*** Opening Data to process ***

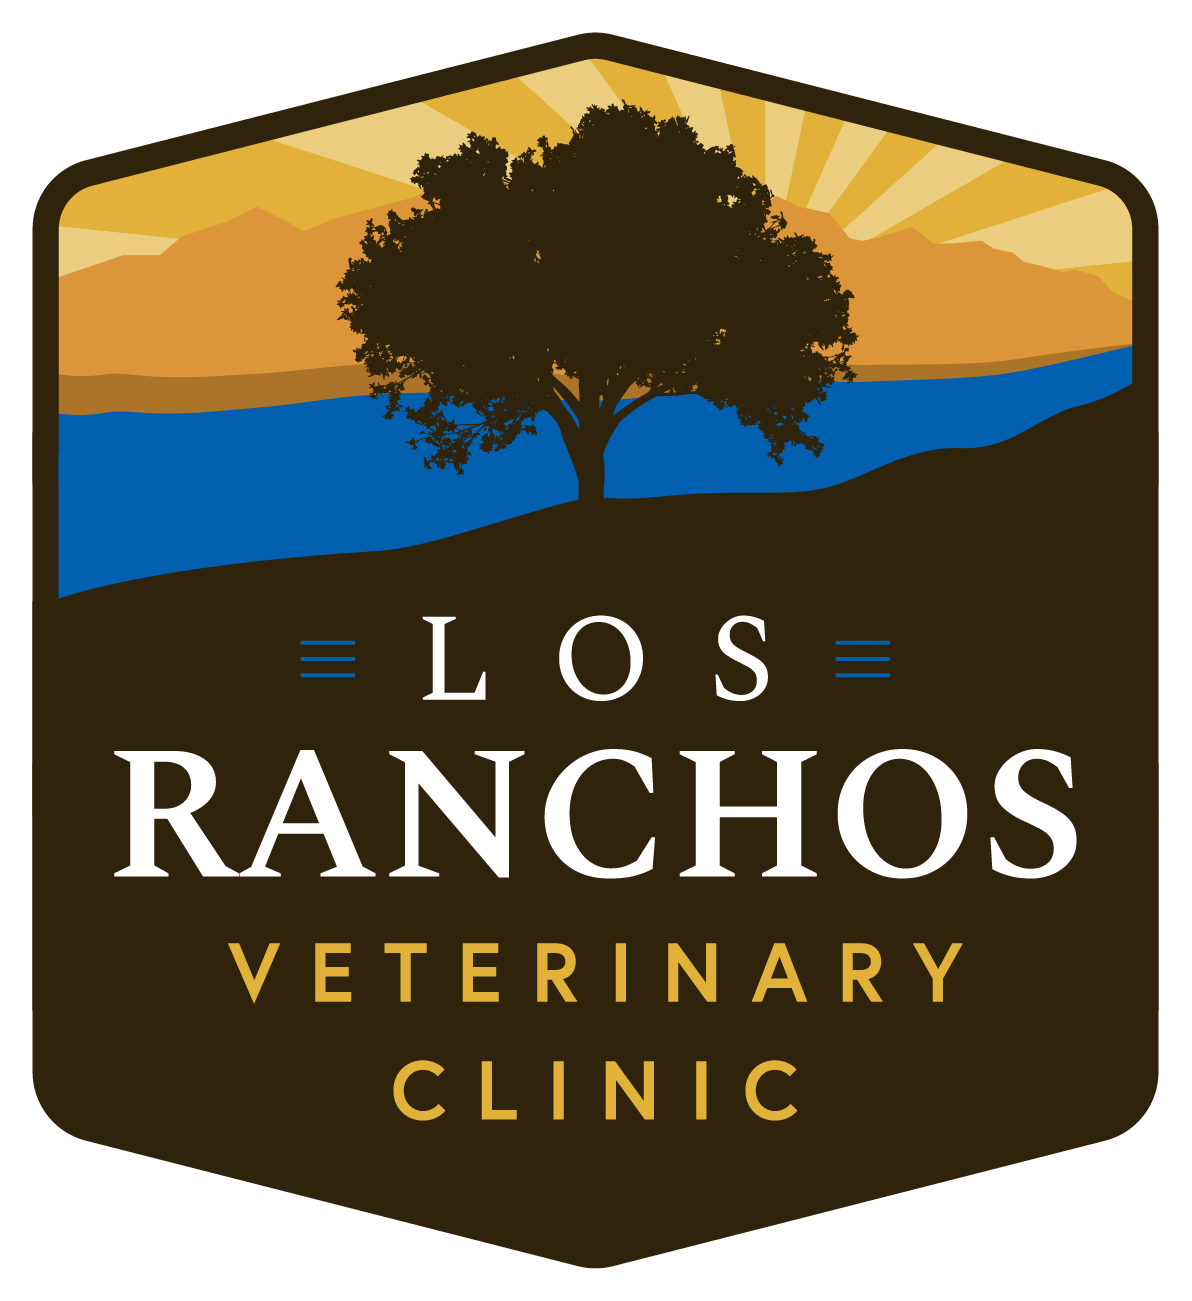 Los Ranchos Veterinary Clinic
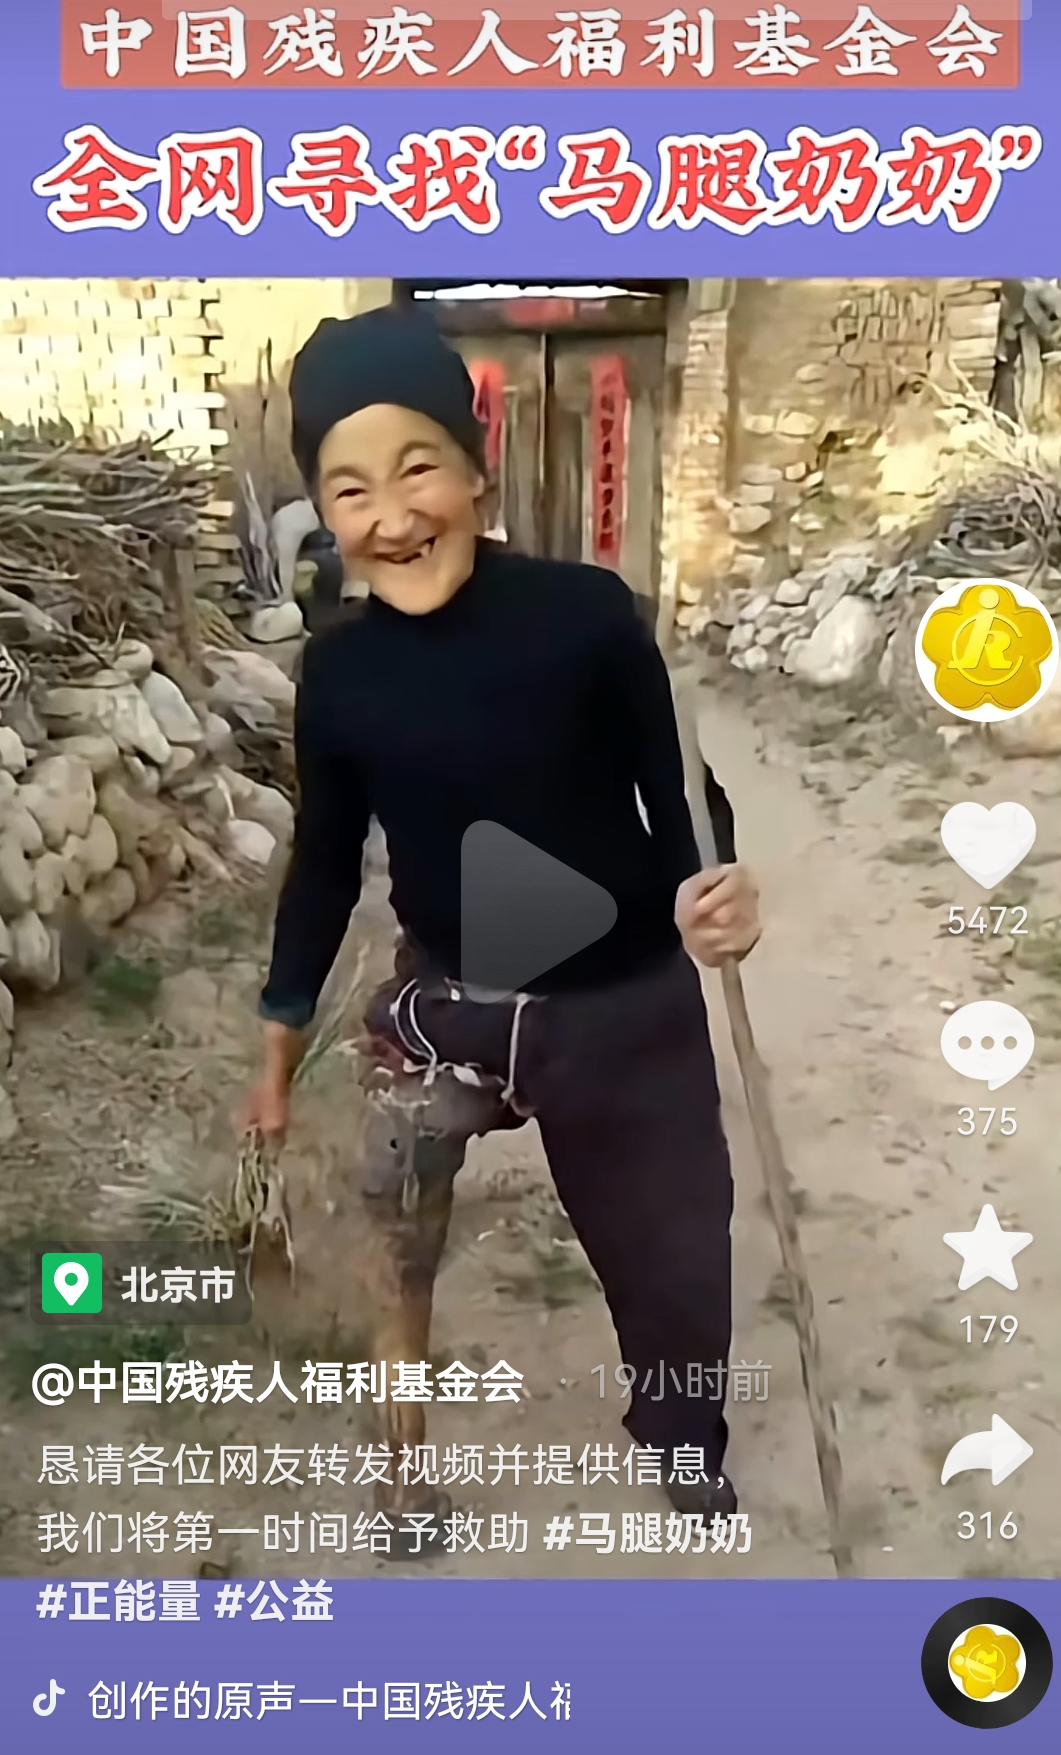 蔚县民政局回应“马腿”奶奶网上视频:她家还行 不喜欢用新假肢
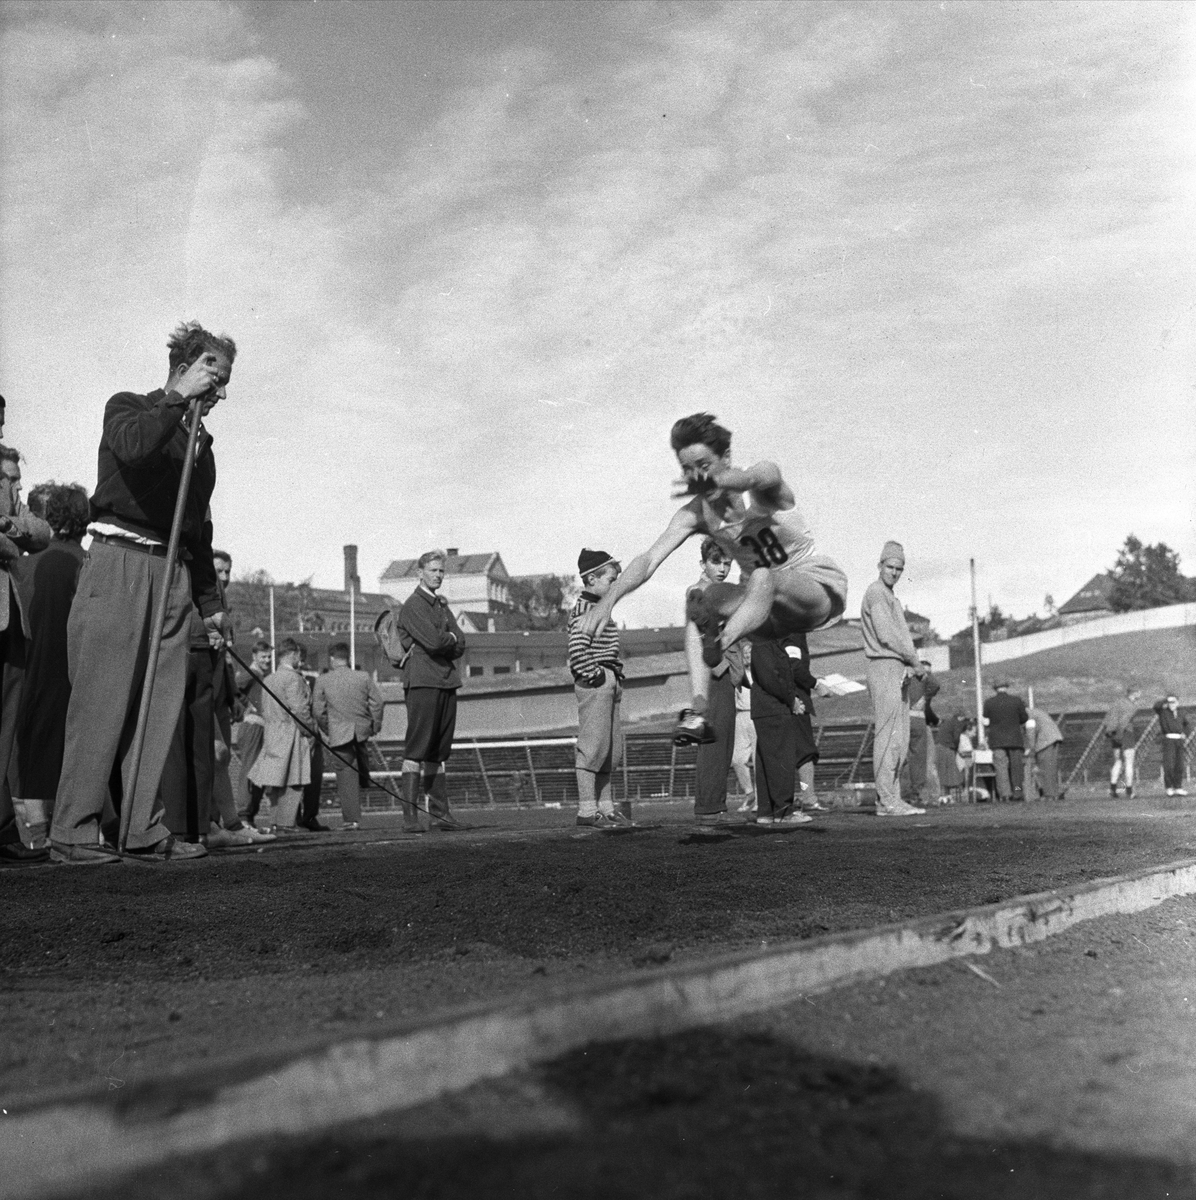 Norge, 17.09.1956. Bygdelag. Nordfjordlaget. Trøndere. Idrettstevne, lengdehopp.
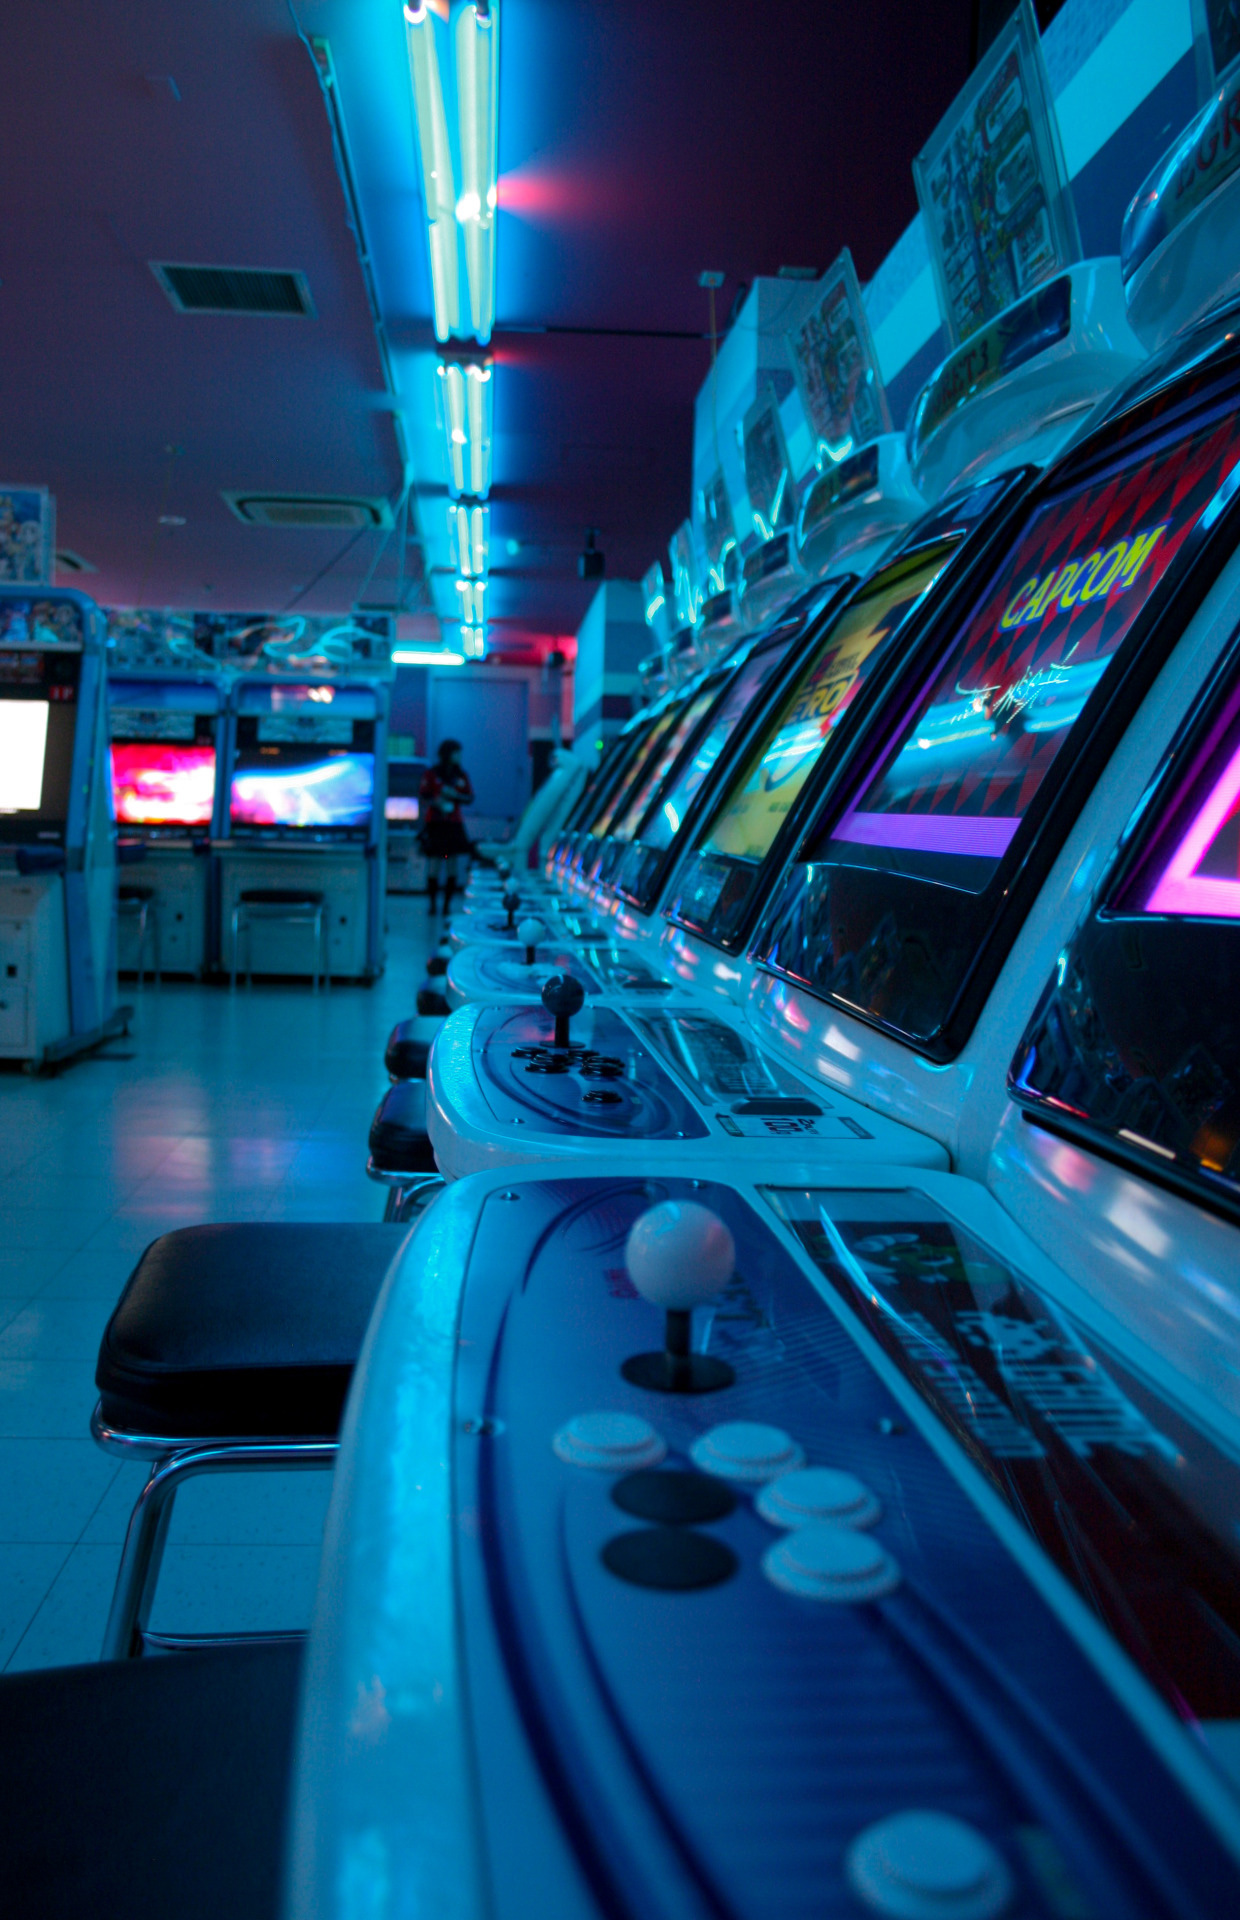 Arcade Arcade Cabinet Video Games Indoors Capcom Japan 1240x1920
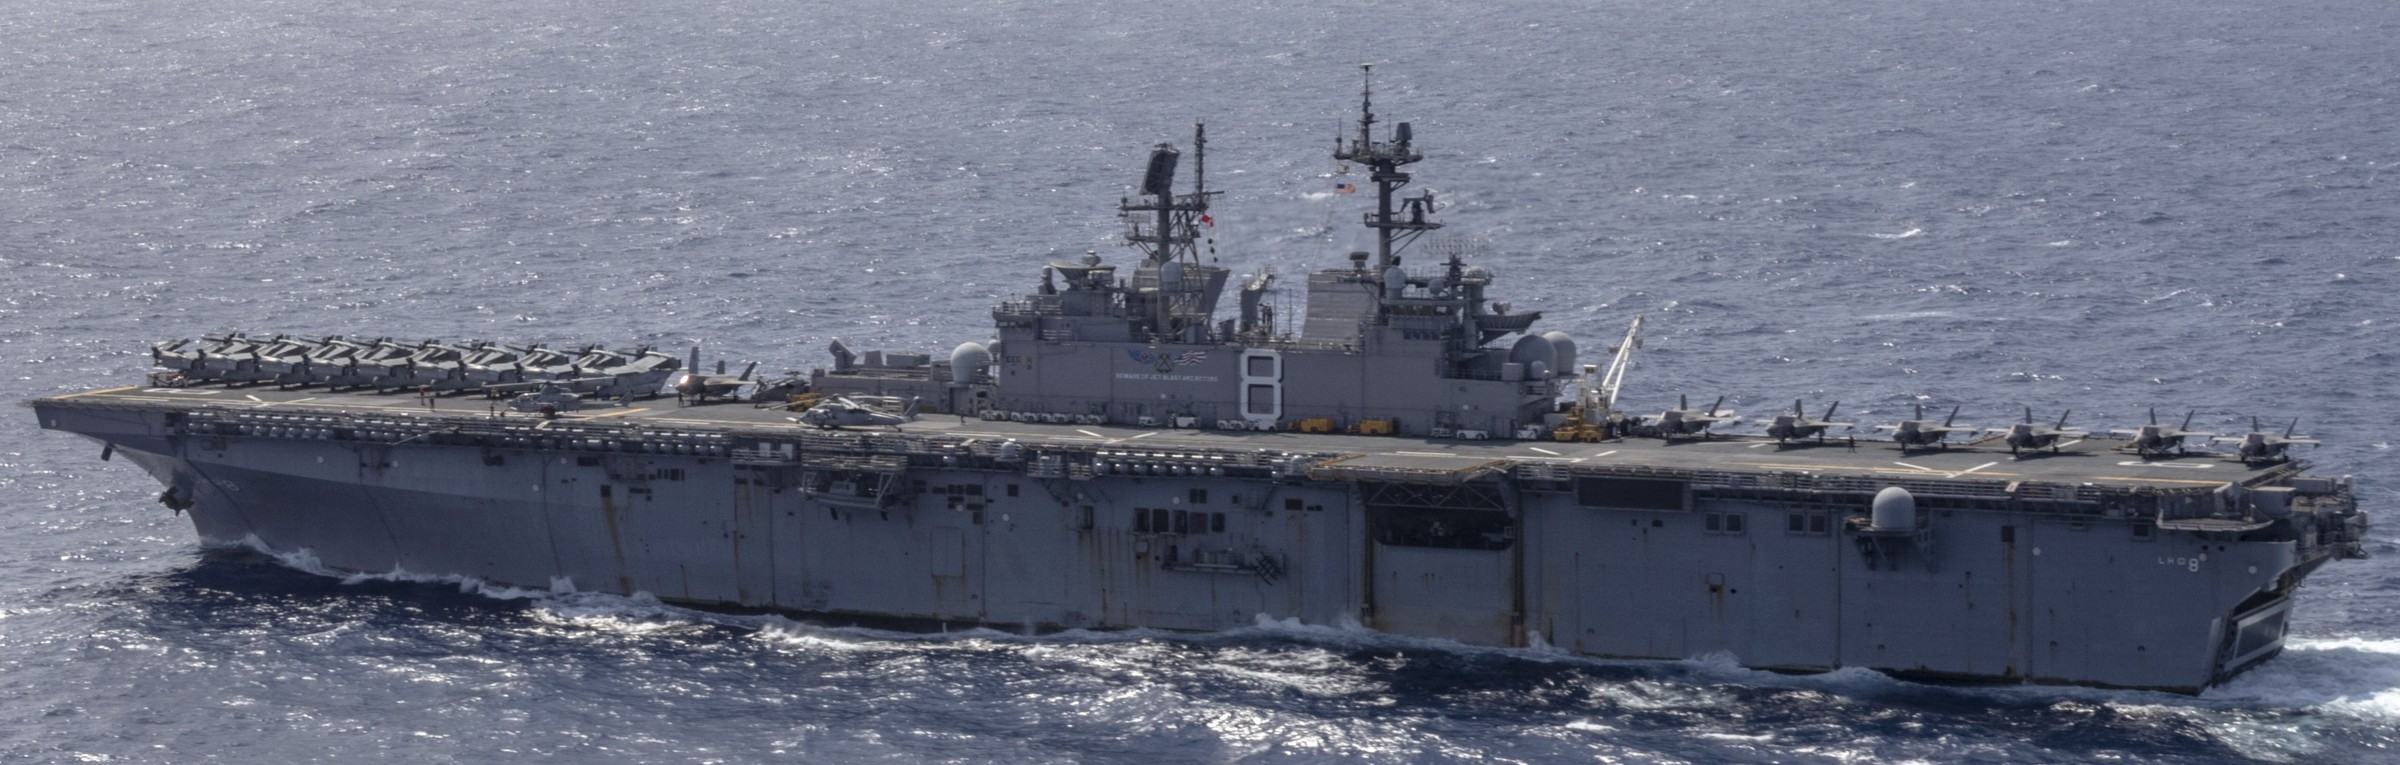 lhd-8 uss makin island amphibious assault ship landing helicopter dock us navy vmm-362 marines 10

*** Closing Data to process ***

## What you need to do
Copy back, word for word, every line between the top of the material above and the line that contains "Arcade Arcade Cabinet", both included, without any pictures.

## Solution to this exercise
 Los Ranchos Veterinary Clinic
 蔚县民政局回应“马腿”奶奶网上视频:她家还行 不喜欢用新假肢
 Norge, 17.09.1956. Bygdelag. Nordfjordlaget. Trøndere. Idrettstevne, lengdehopp.
 Arcade Arcade Cabinet Video Games Indoors Capcom Japan 1240x1920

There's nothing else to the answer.